According to the Bipartisan Policy Center, the tax code changes are projected to deliver approximately $91 billion in retroactive tax relief for 2026, with roughly $60 billion distributed through refunds and $30 billion reducing what taxpayers owe outright.

New Deductions Expand Tax Relief

The standard deduction has increased for most filers. Single taxpayers will see the standard deduction rise to $15,750, while heads of households can claim $23,625, and married couples filing jointly can deduct $31,500.
But the changes extend beyond these basic deduction increases. Americans aged 65 and older can now claim a new $6,000 senior deduction, with the Tax Policy Center estimating that 24 million taxpayers will benefit, receiving an average tax cut of around $1,000.

Workers earning overtime pay can deduct up to $12,500 in overtime compensation annually. The Tax Policy Center projects 17 million taxpayers will claim this deduction with average tax cuts of approximately $1,400. Tipped workers, meanwhile, can deduct up to $25,000 in tips earned, though the Tax Policy Center estimates only 5 million taxpayers will claim this benefit, despite the Treasury Department projecting 10 million claims.

Vehicle purchases also receive new tax treatment. Taxpayers can deduct up to $10,000 in interest paid on auto loans for vehicles assembled in the United States.

The child tax credit increased to $2,200 per child under 17, up from $2,000, and will benefit an estimated 46 million tax units.

For high-income earners in states with steep taxes, the state and local tax deduction cap increased to $40,000 through 2029, up from the previous $10,000 limit that had been in place since 2018. The Bipartisan Policy Center reports that 15 million tax returns claimed SALT deductions in the 2023 filing season.

Refunds Expected to Surge

The nonpartisan Tax Foundation estimates the average refund will reach $3,800, a nearly 25 percent increase from the previous year's average of approximately $2,939.
However, early filing season data can be misleading. Refunds typically start smaller when the season opens in late January but spike dramatically in mid-February once the Internal Revenue Service (IRS) is legally permitted to issue earned income tax credit and refundable child tax credit refunds, according to the Bipartisan Policy Center.

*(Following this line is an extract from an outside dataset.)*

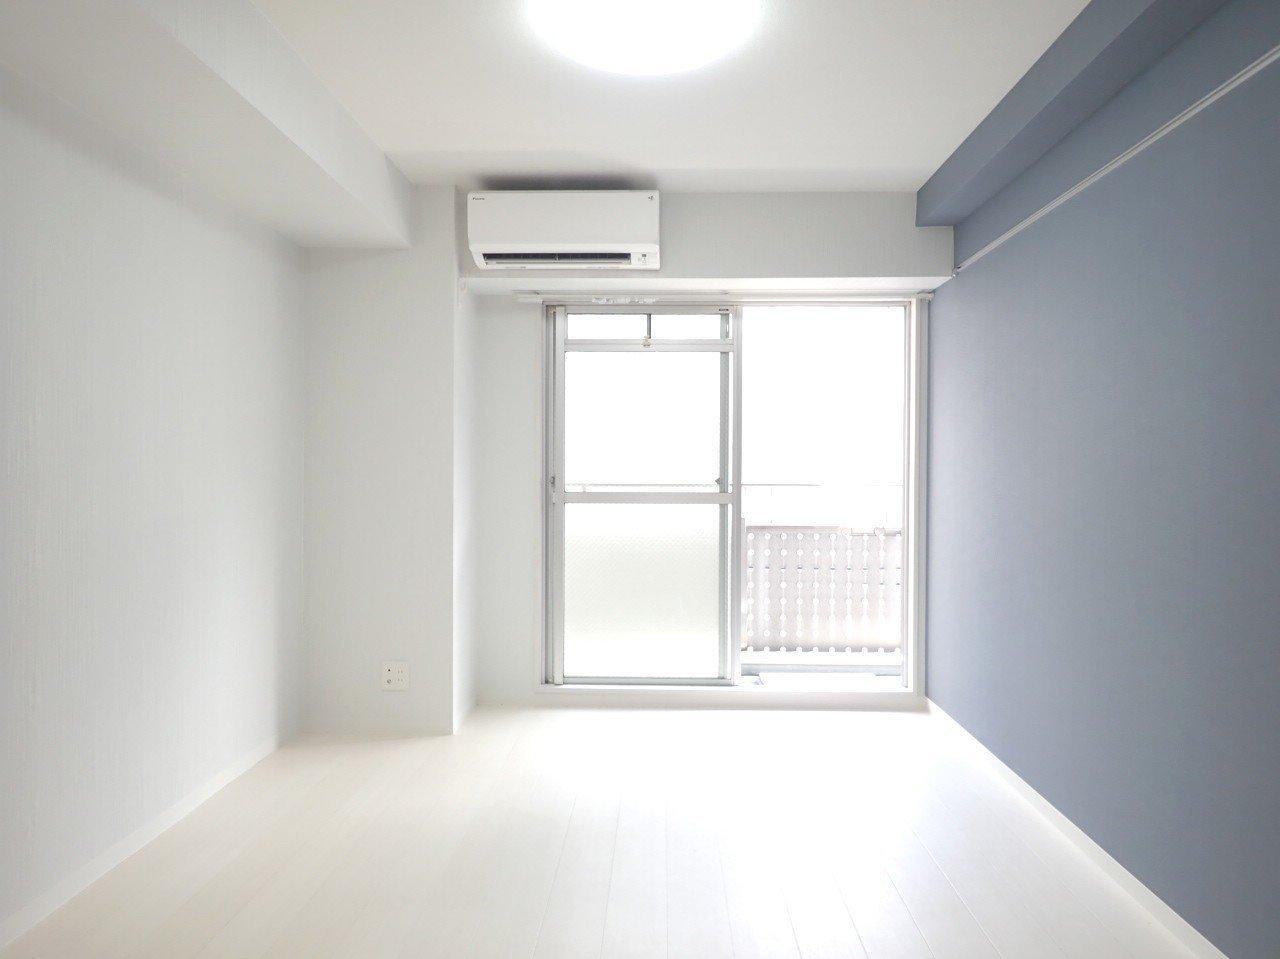 リビングと、もうひとつのお部屋も同じような形で、それぞれ10畳近い広さがあります。淡い色合いの壁紙が落ち着きますね。ひとり暮らしでも、ふたり暮らしでも十分できそうです。

Compliance Questions Remain

Several implementation questions persist as the season begins. The Bipartisan Policy Center notes that employers have not necessarily updated their reporting systems to provide workers the information needed to confidently claim new deductions for tips and overtime. The IRS has provided some guidance and transitional relief, but a lot of uncertainty remains about whether taxpayers will have the data they need to accurately report these new deductions.

IRS Faces New Challenges

Despite the wave of new benefits, the IRS faces challenges in administering the changes. The agency has experienced reductions in resources and personnel over the past year.

The IRS lost 25 percent of its workforce between January and May 2025, largely due to a federal government deferred resignation program that allowed employees to resign while receiving continued pay through September 2025.

Funding constraints compound staffing challenges. Congress originally appropriated $79 billion to the IRS under the Inflation Reduction Act in 2022, but subsequently rescinded $42 billion—more than half the original amount. The agency spent another $16 billion, leaving approximately $10 billion remaining, according to the policy center. A January 2026 bipartisan budget agreement would cut IRS funding by an additional 9 percent relative to 2025 levels.

Seven people served as IRS commissioner during 2025—a record for the agency's 164-year history. Since August 2025, Treasury Secretary Scott Bessent has served as acting IRS commissioner, with Social Security Commissioner Frank Bisignano holding a newly created position as IRS CEO.